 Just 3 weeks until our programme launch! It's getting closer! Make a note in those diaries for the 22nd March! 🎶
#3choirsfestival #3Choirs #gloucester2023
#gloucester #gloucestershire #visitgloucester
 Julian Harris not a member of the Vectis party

---*---

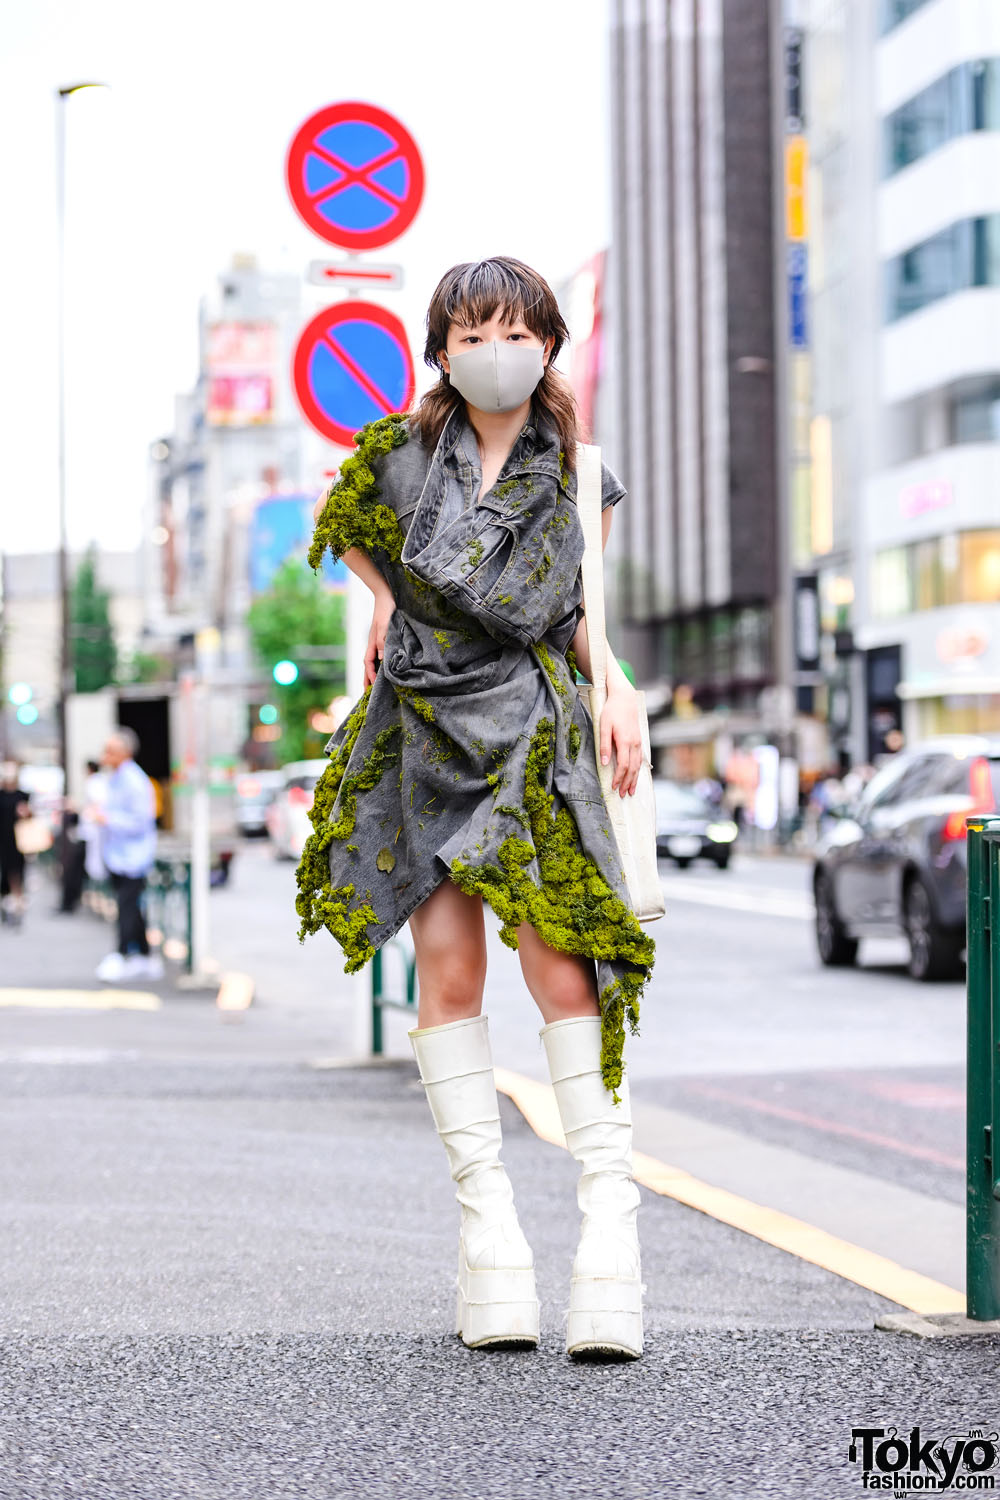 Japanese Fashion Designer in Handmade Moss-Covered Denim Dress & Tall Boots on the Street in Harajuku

---*---

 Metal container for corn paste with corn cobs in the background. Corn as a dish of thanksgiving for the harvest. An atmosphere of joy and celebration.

---*---

> _TASK TO COMPLETE_
Look back at the entries above. Retype the line with "#3choirsfestival #3Choirs #gloucester2023", the line with "Julian Harris not", and all lines in between.

> _OUTPUT FOR THIS TASK_
#3choirsfestival #3Choirs #gloucester2023
#gloucester #gloucestershire #visitgloucester
 Julian Harris not a member of the Vectis party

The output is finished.